Als tandarts besluit je soms om niets meer te doen aan de gebitssituatie van een patiënt en je enkel te beperken tot symptoombestrijding bij pijn of losse gebitselementen. Dit besluit kan een gevolg zijn van de houding van de patiënt, maar ook vanwege zijn/haar financiële middelen. In sommige gevallen kan de tandarts zelf redenen aanvoeren voor een beperkt behandelaanbod. Bijvoorbeeld als de behandelaar heeft bedacht dat een volledige prothese de enige optie is om de huidige gebitsproblemen te verhelpen.

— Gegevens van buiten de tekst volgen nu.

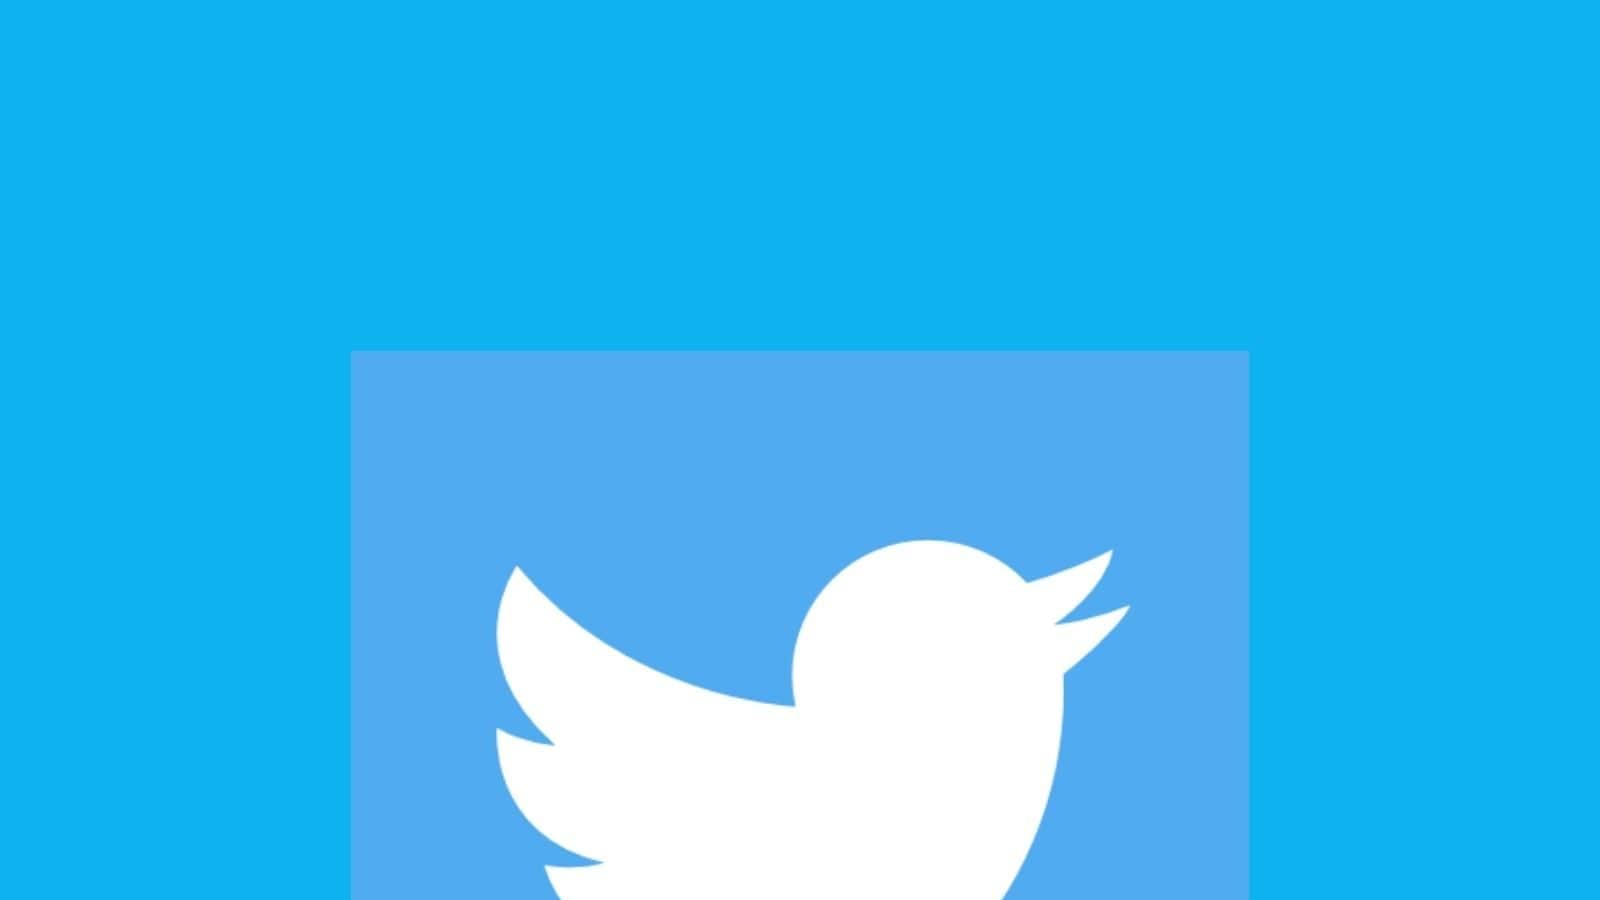 Twitter explora los tweets en coautoría para la próxima función de colaboración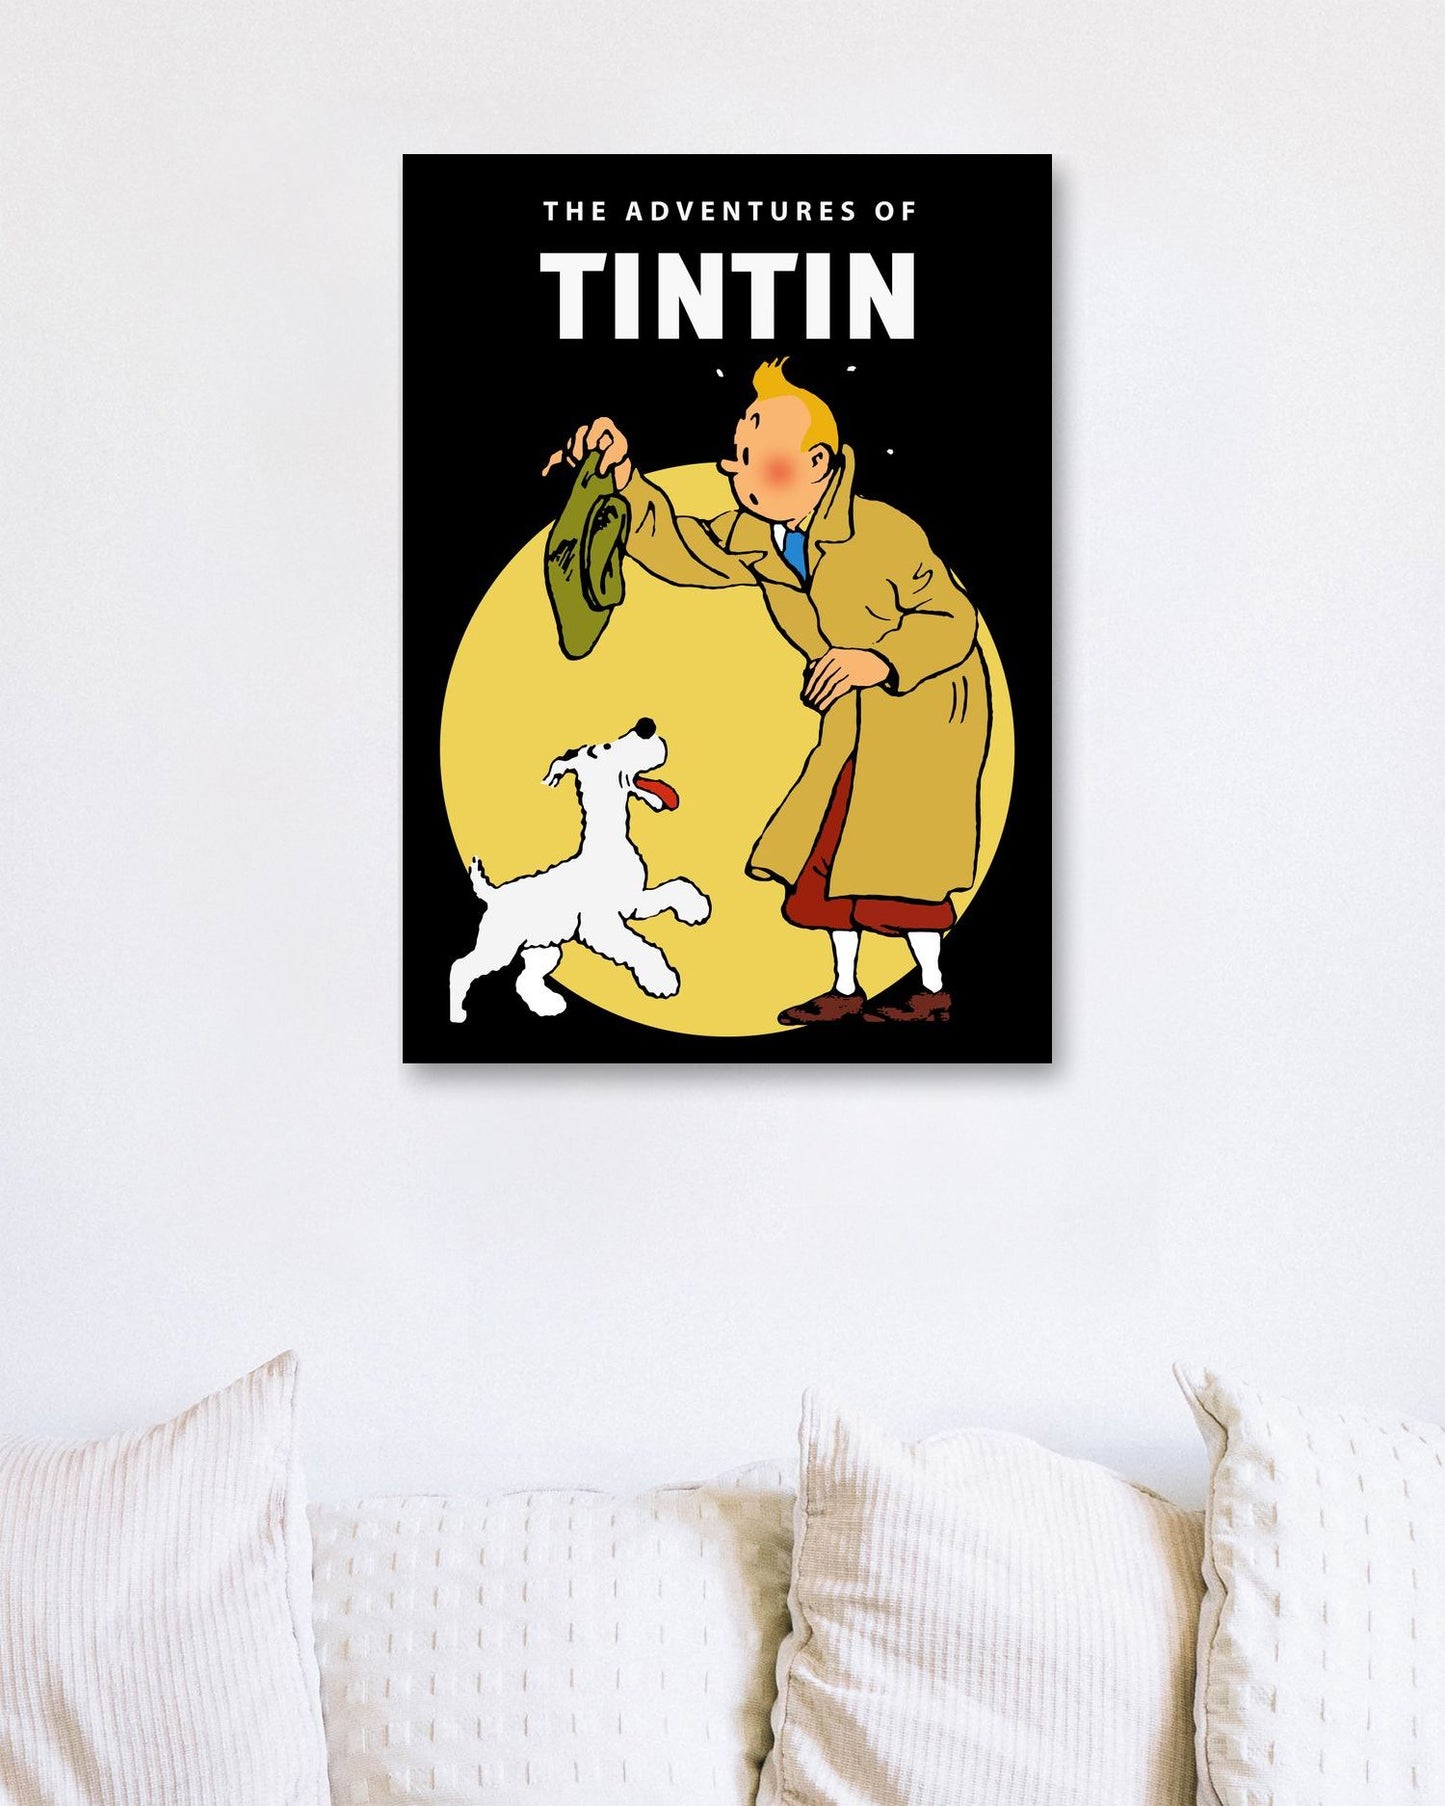 Tintin anime cartoon comic movies retro - @pansodda

Deze casus betreft een vrouwelijke patiënt van 55 jaar die 19 jaar lang op controle is geweest bij haar vorige tandarts, maar daar nooit enige vorm van behandeling (of verwijzing naar een collega) aangeboden heeft gekregen. Het gevolg is dat zij een forse uitgroei van haar bovenfront heeft, wat bij haar heeft geleid tot een lip-interpositie. Hierdoor zijn problemen met spraak, functie en esthetiek ontstaan. Op dat moment, het is 2004, bespreek ik met de patiënt de noodzaak een behandeltraject van twee tot drie jaar aan te gaan, om daarna te zien welke vervolgstappen wenselijk en mogelijk zijn. In januari 2007 was deze rehabilitatie voltooid. Inmiddels zijn we bijna 13 jaar verder en het tandheelkundige sein staat nog steeds volop op groen. Bij aanvang van de casus in 2004 was er sprake van de volgende problematiek (afbeelding1–4):

- Klasse II-kaakrelatie (1 p.b.disto).
- Forse uitgroei van het bovenfront met lip-interpositie.